John Linnell (1729–1796) was a British 18th-century cabinet-maker and designer. He was in charge of one of the largest cabinet making-firms when he inherited The Linnell firm in 1763. Linnell designed works like the state coach for George III and was involved in making the Dury Lane theatre.

==Biography==
Linnell was in charge of one of London's largest cabinet-makers firms of the 18th century with many important and prominent patrons. The Linnell firm was created in 1730 by William Linnell (c. 1703–63), and was inherited by his son John Linnell in 1763. The firm moved from 8 Long Acre in St. Martin's Lane, London to 28 Berkeley Square in 1750. From 1763 to his death, John Linnell continued to develop the business his father had established and his reputation grew. However, due to his unconventional lifestyle, he left no heir to his trade and the fate of the firm after his death is uncertain.

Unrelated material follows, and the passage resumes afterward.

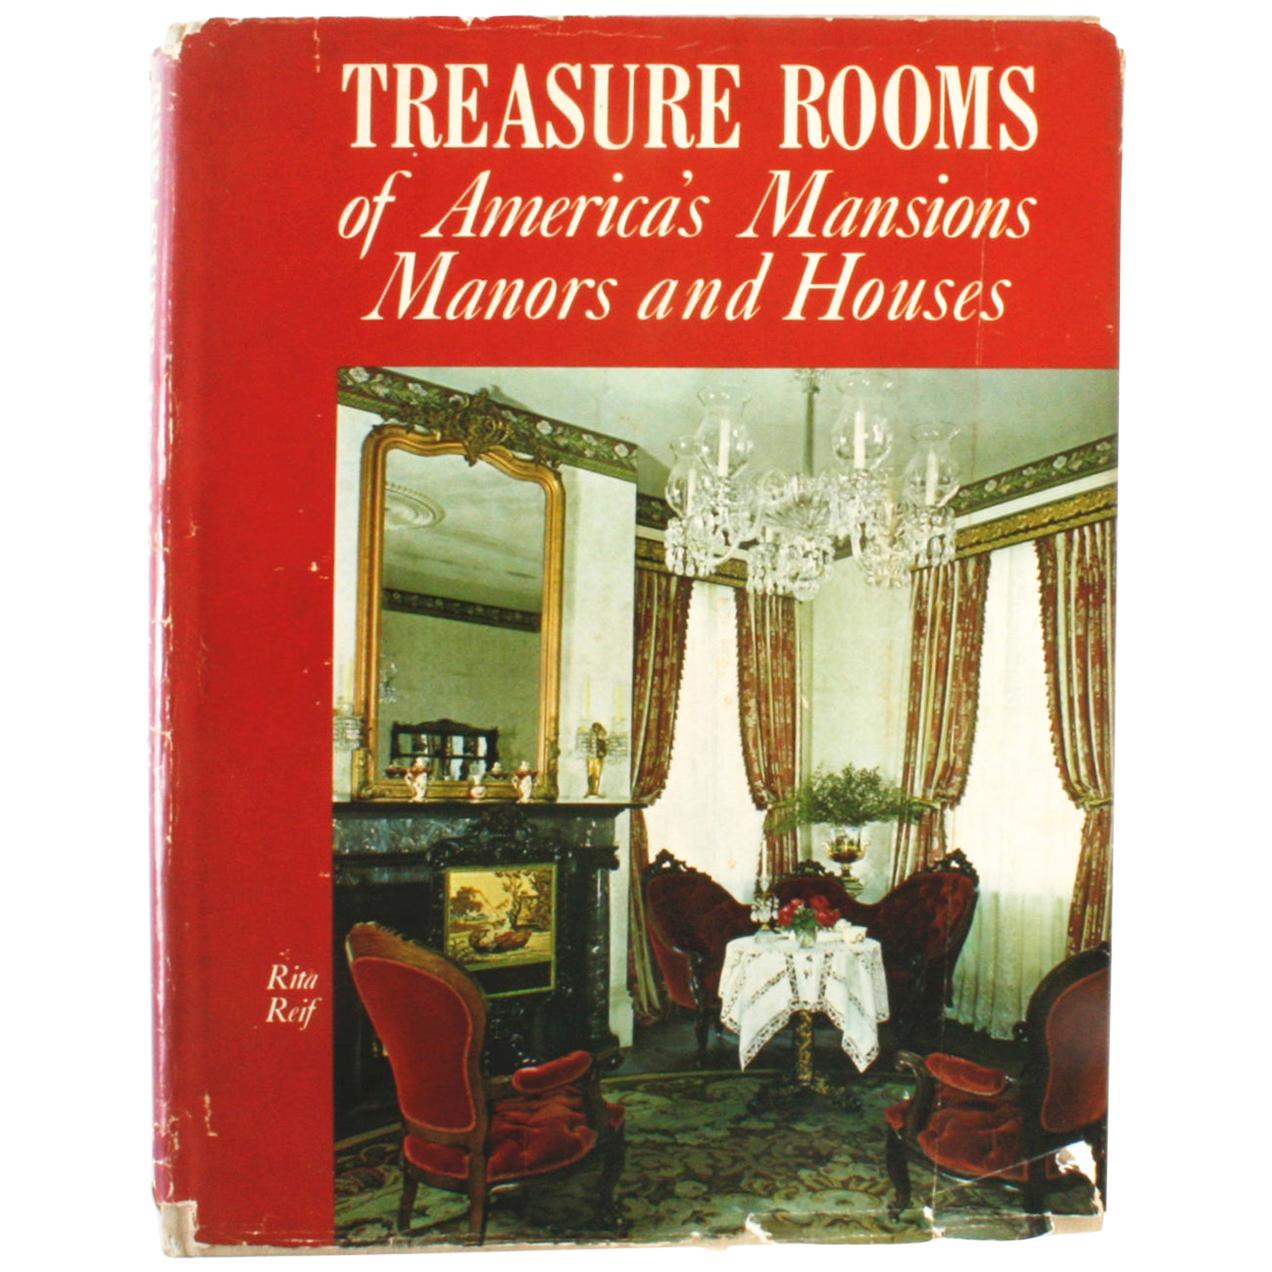 Treasure Rooms of America's Mansions Manors and Houses von Rita Reif, 1st Ed

There is speculation that, in the last years of his life, John Linnell entered a partnership with his relative Thomas Tatham (1763–1817). However, the evidence is not conclusive. Thomas Tatham went on to be a partner at one of London's fashionable cabinetmaking and upholstery businesses with George Elward, Edward Bailey and Richard Saunders. They were principal cabinet-makers to George IV and this firm worked at Carlton House and Buckingham Palace.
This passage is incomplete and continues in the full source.